Raíces


Por Juana Celestino



Vista de La Siberia desde el castillo de Puebla de Alcocer (Badajoz).  Foto de Arturo Finch.

Durante mi juventud pasé algo más de un año viviendo en Grecia. Recién terminados los estudios, y sin una idea clara de qué quería hacer con mi vida, volé al país que tanto deseaba conocer por ser la cuna de la civilización occidental. Con poco dinero en el bolsillo, trabajé durante los primeros meses en la recolección de naranjas, abundantes en el Peloponeso donde recalé, en compañía de jóvenes extranjeros deseosos de conocer mundo como yo; más adelante, ya con algunos conocimientos rudimentarios de griego moderno, me dediqué a dar clases particulares de español a estudiantes amantes de la cultura española. Fue mi primer viaje en solitario, lo que me facilitó ser porosa a unas experiencias vitales que conformaron algunos aspectos de mi manera de ser. Nunca me sentí extranjera allí. Si bien fueron Aristóteles, Homero, Pitágoras, Aristófanes o Pericles, la antigua Atenas, Delfos o Micenas los que me reclamaron en un principio, durante mi estancia serían ciudades como Argos, Nafplio o Kalamata, y personas como Marina, Takis, Evangelos, Adonia, Tassos y muchos más, los que hicieron que Grecia llegara a ser un país entrañable. Aunque hace años que no lo visito, para mí es como esos amigos que por muy de tarde en tarde que los veamos, al llevarlos dentro, el reencuentro se da con la misma naturalidad que si nos hubiéramos visto el día anterior; así creo que será mi sentir el día que pise de nuevo suelo griego. Algo parecido me ocurre con la vecina Portugal, si no por haber entablado allí estrechas relaciones de afecto con portugueses, sí por la frecuencia con la que la que la visito, por su belleza y las acogedoras gentes que hacen que me sienta como en casa.

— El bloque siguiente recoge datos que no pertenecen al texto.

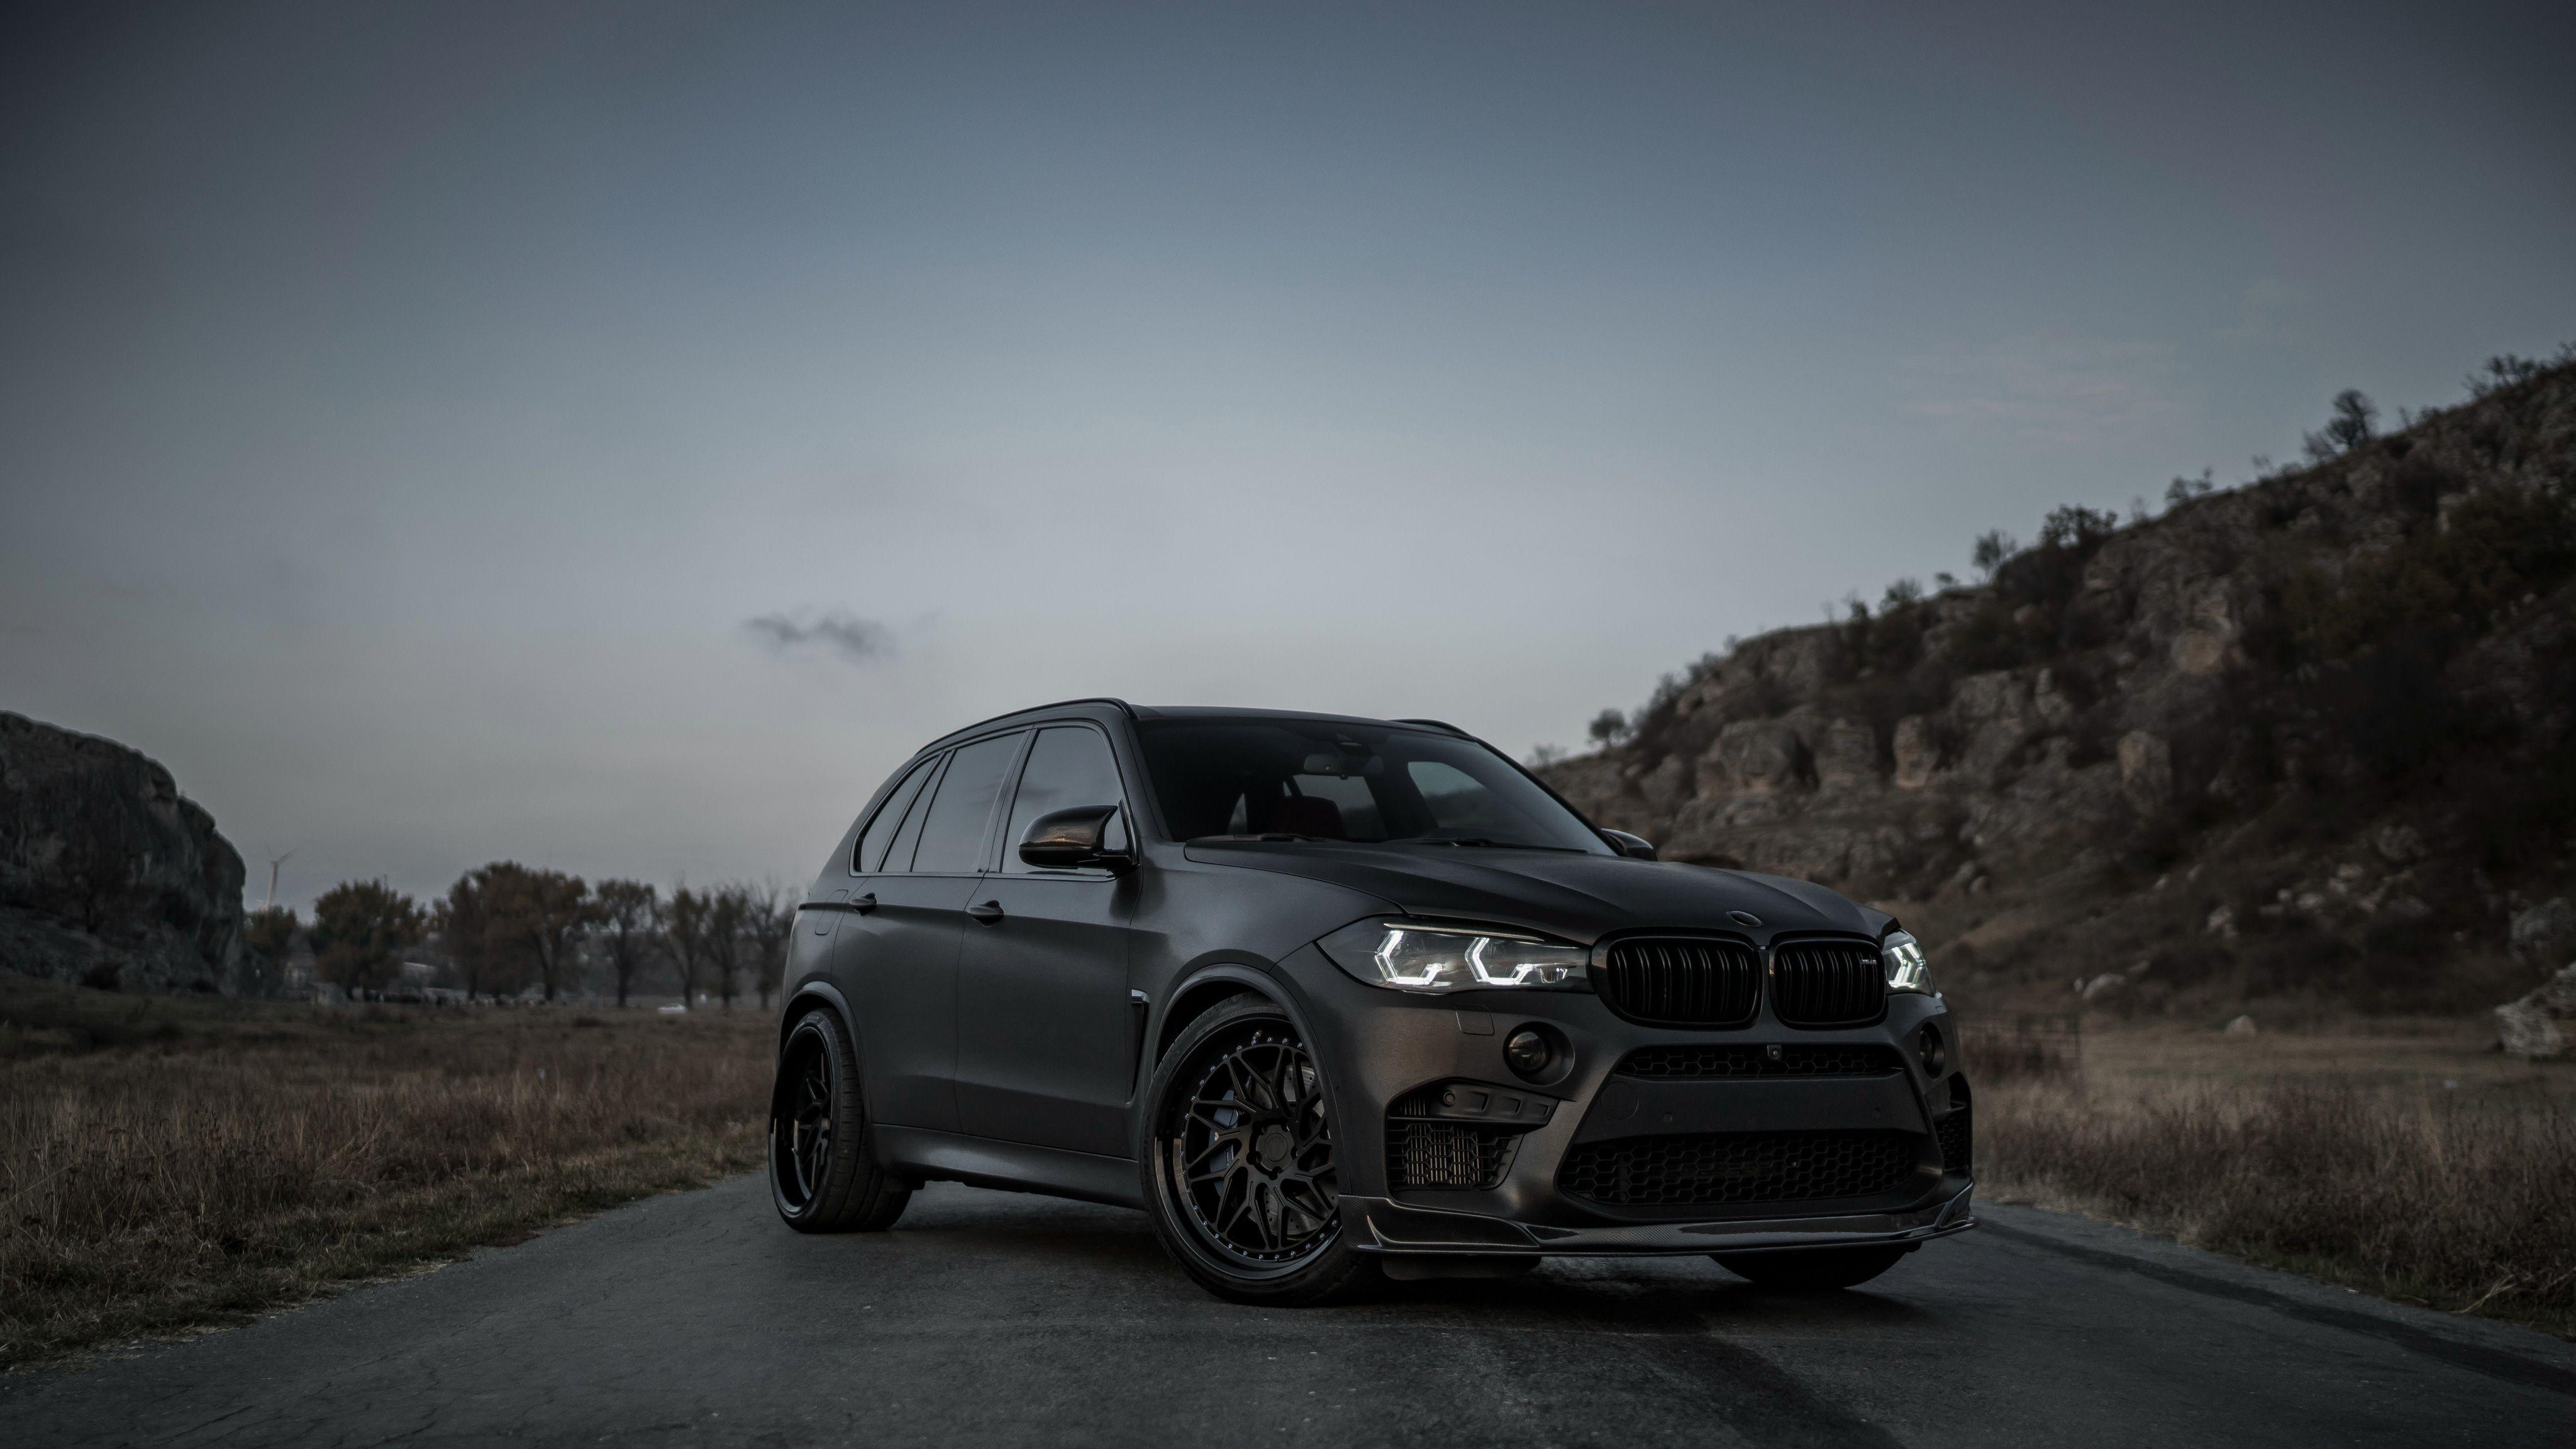 Z Performance BMW X5 2018 4k, HD Cars, 4k Wallpapers, Image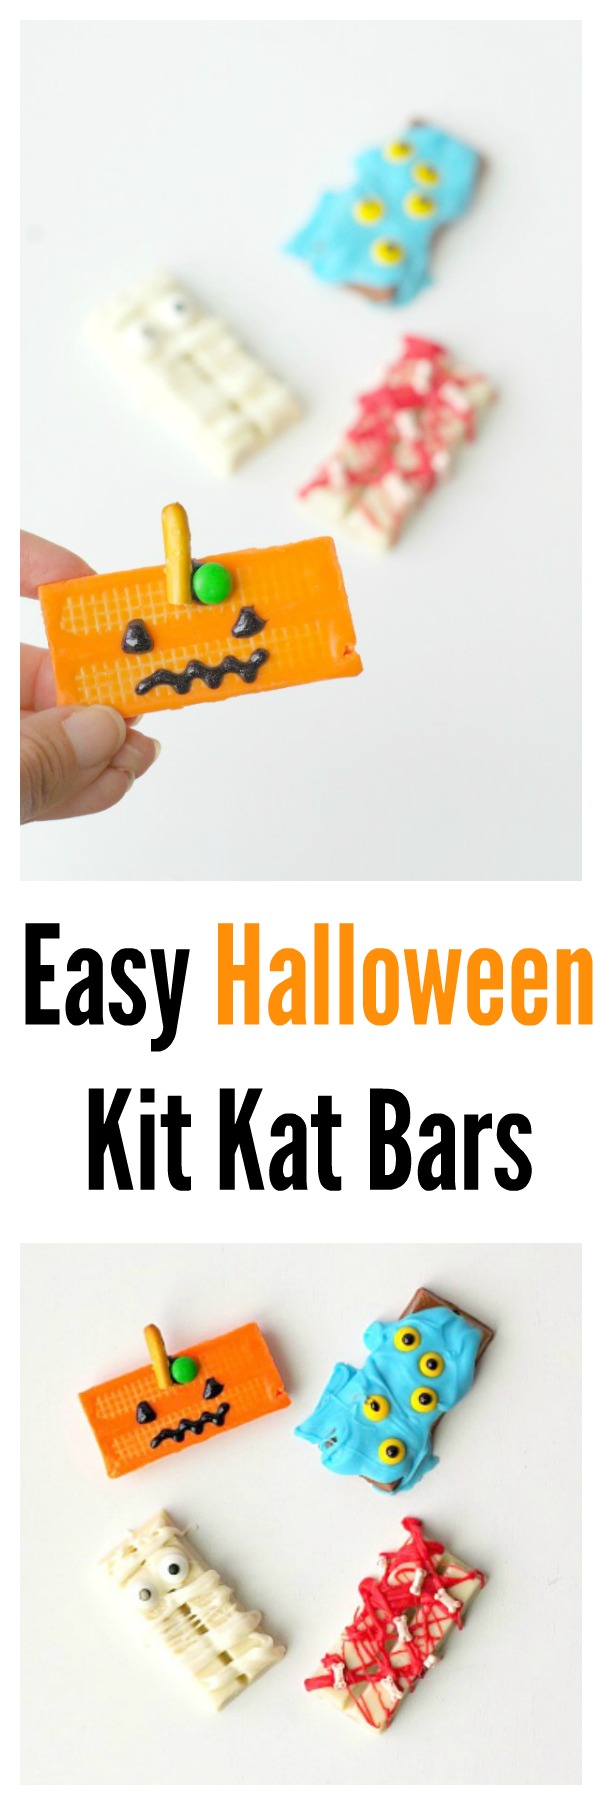 easy-halloween-kit-kat-bars-pumpkins-mummies-monsters-and-bloody-kit-kat-bars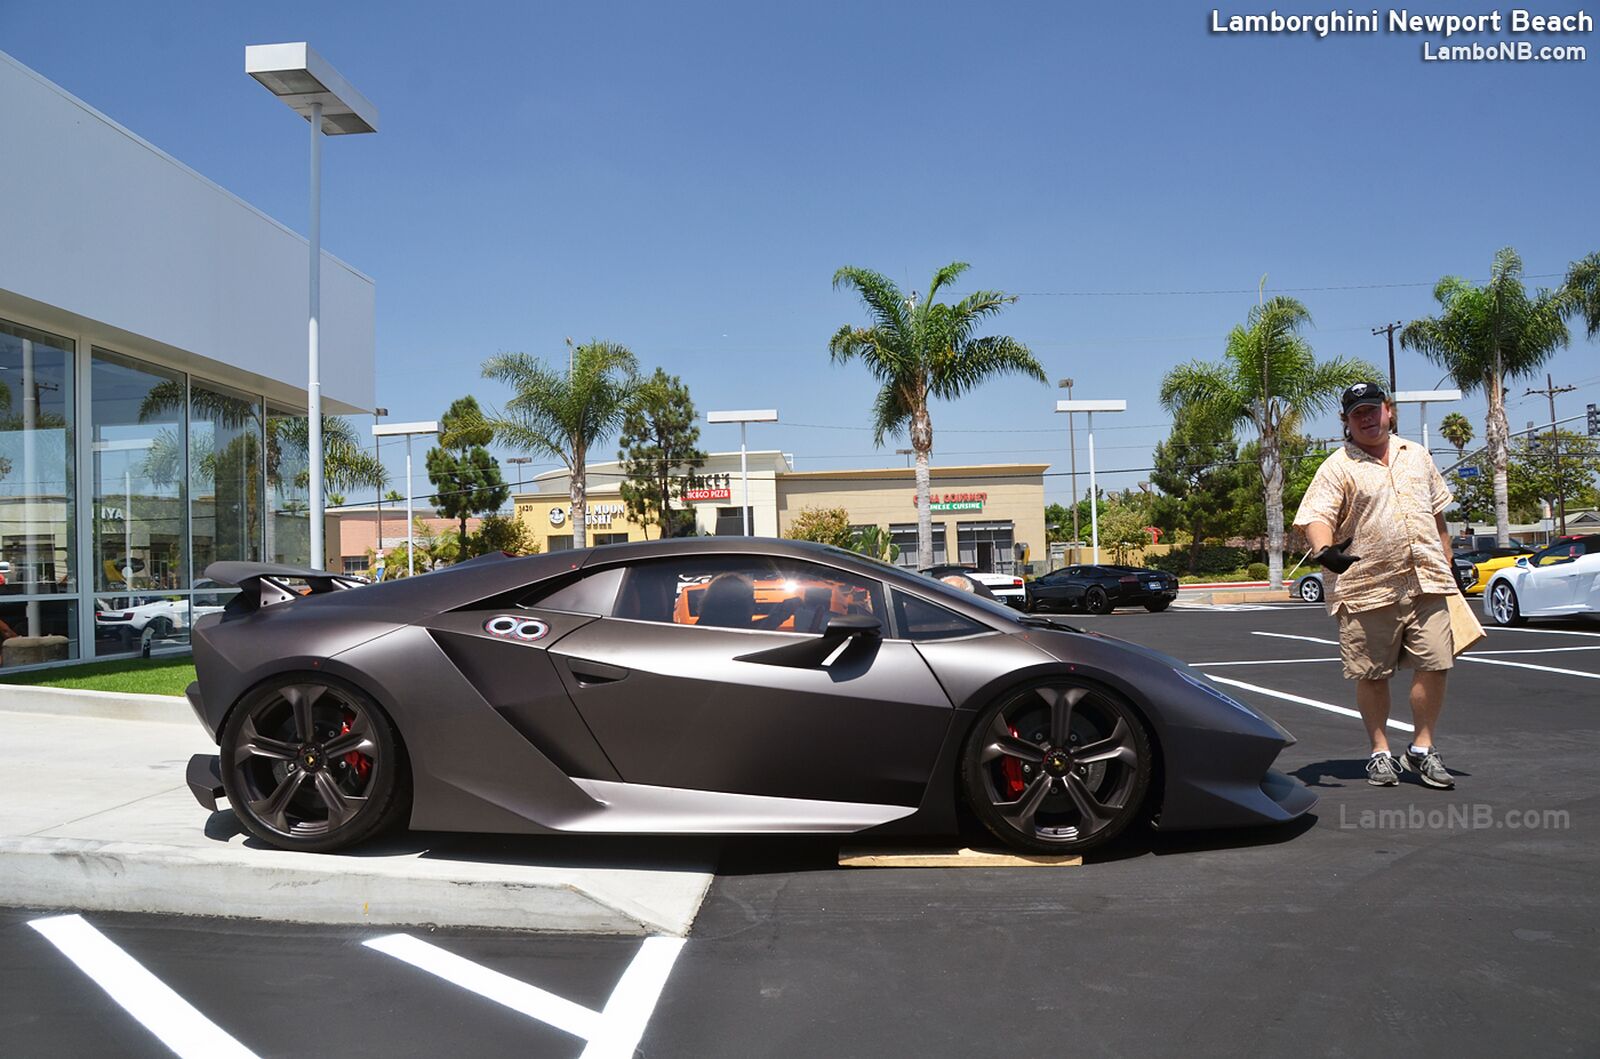 Lamborghini Sesto Elemento Arrives at Lamborghini Newport Beach Photo 11

Nací en Puebla de Alcocer, una localidad de Badajoz perteneciente a la comarca de La Siberia, y soy oriunda de la provincia de Cáceres por parte de padre y madre tantas generaciones atrás que se pierden en la memoria de mis antepasados. Quiero a Extremadura, es mi lugar de referencia, el de mi grupo de origen y me siento unida a ella, pero desde hace años vivo en Madrid, una ciudad abierta que es de todos y de ninguno, donde me siento tan madrileña como el más castizo."Uno es de donde hace el bachillerato", decía Max Aub, refiriéndose al lugar donde tomamos conciencia del mundo, de nuestros sentidos, del amor… Pues resuelto: soy madrileña.

A veces, el sentido de pertenencia que nos dan las raíces puede llegar a aprisionarnos física y, sobre todo, mentalmente. Cuando sacralizamos nuestros orígenes como los mejores e inigualables, aferrándonos a nacionalismos o a absurdos orgullos de raza, nos volvemos peligrosos al mirar lo diferente, por miedo, con abierto desprecio, rencor u odio. Son sentimientos basados en una sinrazón que han producido fricciones sociales, guerras y crímenes contra la humanidad de los que todos tenemos memoria.

Por suerte, los seres humanos disfrutamos del privilegio del movimiento. No somos como los árboles que mueren donde nacen, podemos plantarnos en cualquier lugar donde de nuevo nos subirá la savia, echaremos unas cuantas flores y daremos frutos. El ansia de libertad es una de las razones que puede empujarnos al nomadismo. Cuando uno no se siente identificado ni con la clase social a la que pertenece ni con el lugar donde ha nacido, se impone la necesidad de buscar un mundo más amplio donde poder expresarse y adquirir un enriquecimiento personal que el encorsetado ambiente del que procede no permite. Pero el desarraigo puede llegar a ser muy doloroso en quien se siente empujado por circunstancias no deseadas, ya sea por instinto de vida, como los emigrantes, que tienen que decir adiós a seres y lugares queridos, o como los exiliados políticos, que siempre se debatirán entre el desdén y la nostalgia de su país.

También es cierto que el grado de desarraigo, más que de la lejanía del lugar de procedencia y lo que dejamos atrás, dependerá de cómo nos vaya y lo que hayamos encontrado en el recorrido, en nuestro destino. Podemos incluso llegar a abrazar un país o un lugar ajeno a nuestros orígenes, hasta llevarlo en nuestra propia sangre. Como aquel amigo manchego que tenía mi padre, que sentía tal apego y pasión por la ciudad de Cádiz que afirmaba ser de allí, y si a alguien se le ocurría recordarle que había nacido en Cuenca, replicaba que los gaditanos nacen donde les da la gana. Y es que, en definitiva, lo que verdaderamente importa son los lugares donde uno se siente a gusto.